Dissolving a Partnership
Before you take steps to dissolve your partnership—general, limited, or limited liability—get state and federal income tax advice, and make sure you fully understand the financial ramifications of shutting down your business. If you are a partner in a general partnership, or are the general partner in a limited partnership, you may be responsible for some of the partnership's debts even after dissolution. On the other hand, if your business still has assets after you have paid off all creditors, the government will view any dividends of the dissolution as income and tax them as such.

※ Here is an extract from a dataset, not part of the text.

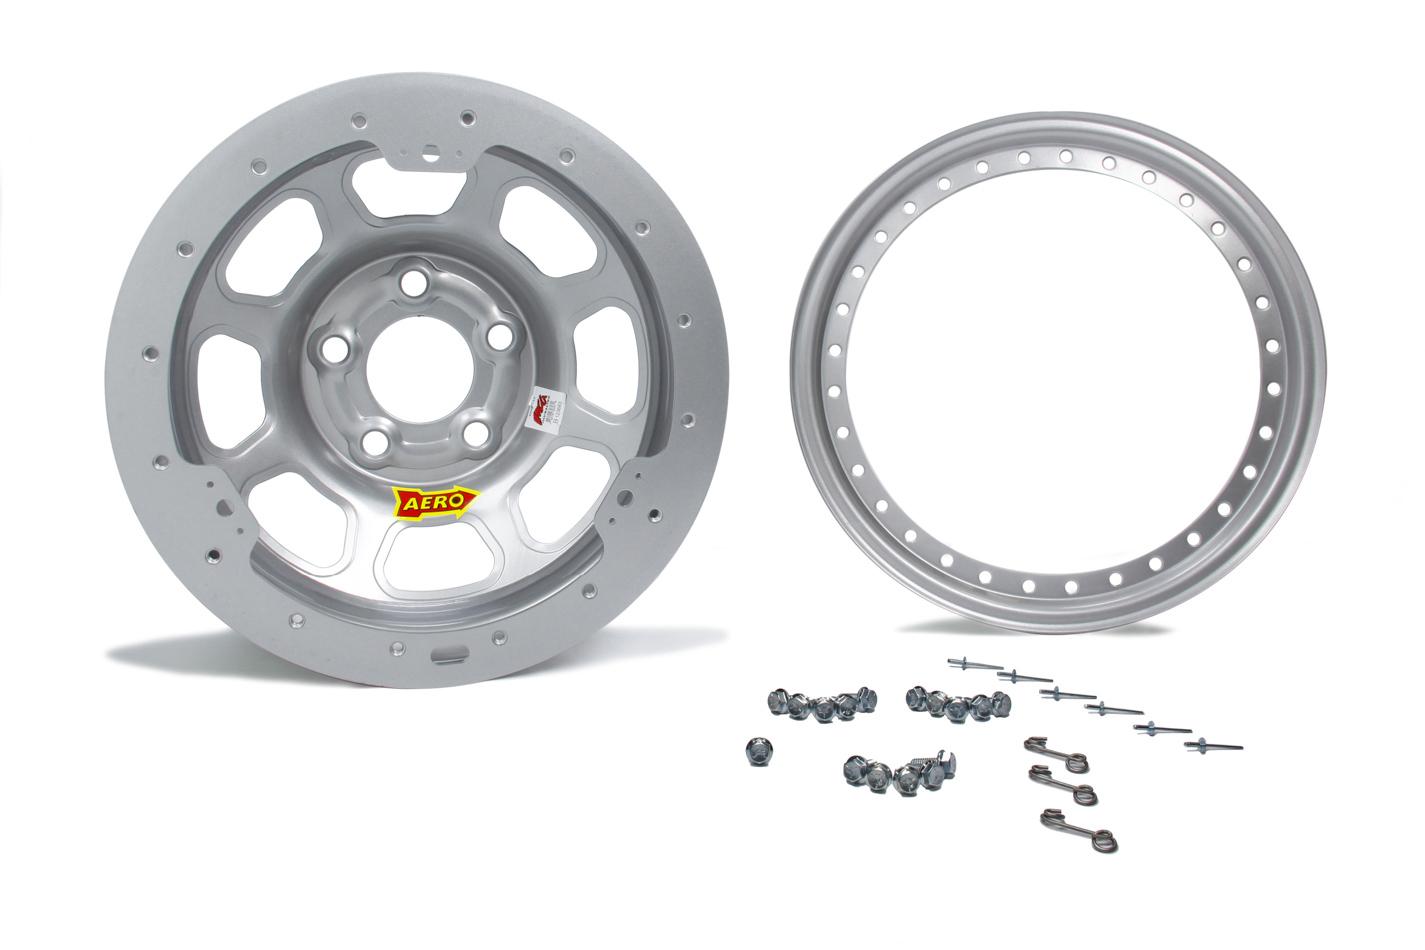 Aero 53-084740S Wheel, 53-Series, 15 x 8 in, 4.000 in Backspace, 5 x 4.75 in Bolt Pattern, Beadlock, Steel, Silver Powder Coat, Each

Next, get an agreement to dissolve or terminate the partnership in writing, if you are a partner in a multi-member partnership. The written dissolution agreement should include details about payment of final expenses, the timing of the assignment of assets, who gets what assets, when the partnership will cease activity, and when the partnership will notify the Arizona Corporation Commission.
Finally, pay off all creditors with remaining partnership assets before you file Articles of Dissolution with the Arizona Corporation Commission. Arizona law does not permit partnership members to make further payments to themselves without first satisfying all creditors' claims when dissolving a partnership.
Dissolving a Corporation
If your corporation has not issued shares or commenced business, the majority of initial directors or incorporators may simply dissolve the corporation by filing Articles of Dissolution with the Arizona Corporation Commission. If the corporation has already commenced business, Arizona corporate dissolution becomes more complex.

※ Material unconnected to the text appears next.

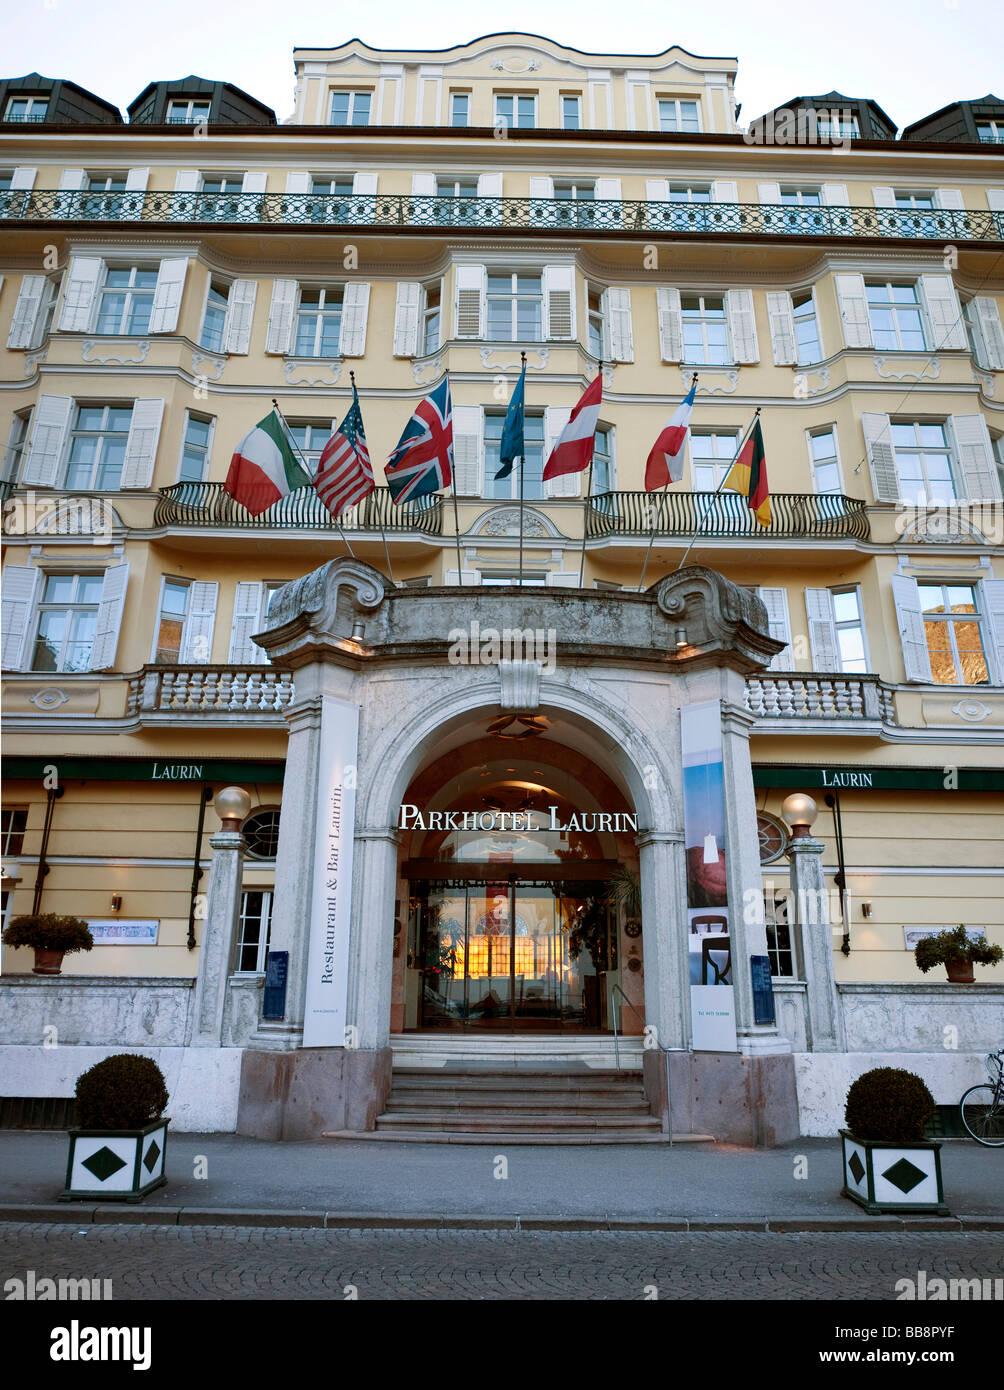 Parkhotel Laurin, Bolzano, Alto Adige, Italy, Europe - Stock Image

Once shares are issued, the board of directors may propose dissolution to the shareholders. The board must notify each shareholder—regardless of voting rights—of the proposal and the shareholders meeting which will vote on the issue. Unless the articles of incorporation or the board of directors require otherwise, a majority vote for dissolution is sufficient for the board to proceed with dissolves the corporation. Articles of Dissolution must be published, and all fines and fees paid, before the
Arizona Corporation Commission will consider the corporation dissolved. Dissolved corporations do not cease to exist, but continue to function only to the extent necessary to “wind up” its business. This includes collecting outstanding debts, paying off creditors, disposing of properties that will not or cannot be distributed to the shareholders, and distributing remaining assets to the shareholders according to their interests.
Dissolution can be as easy as signing forms (if all the owners do it) or as difficult as a contested divorce. If “partnership” dispute arises, early legal counsel is important. Unilateral dissolution or removal of one member by another is not legally effective and may give rise to legal claims.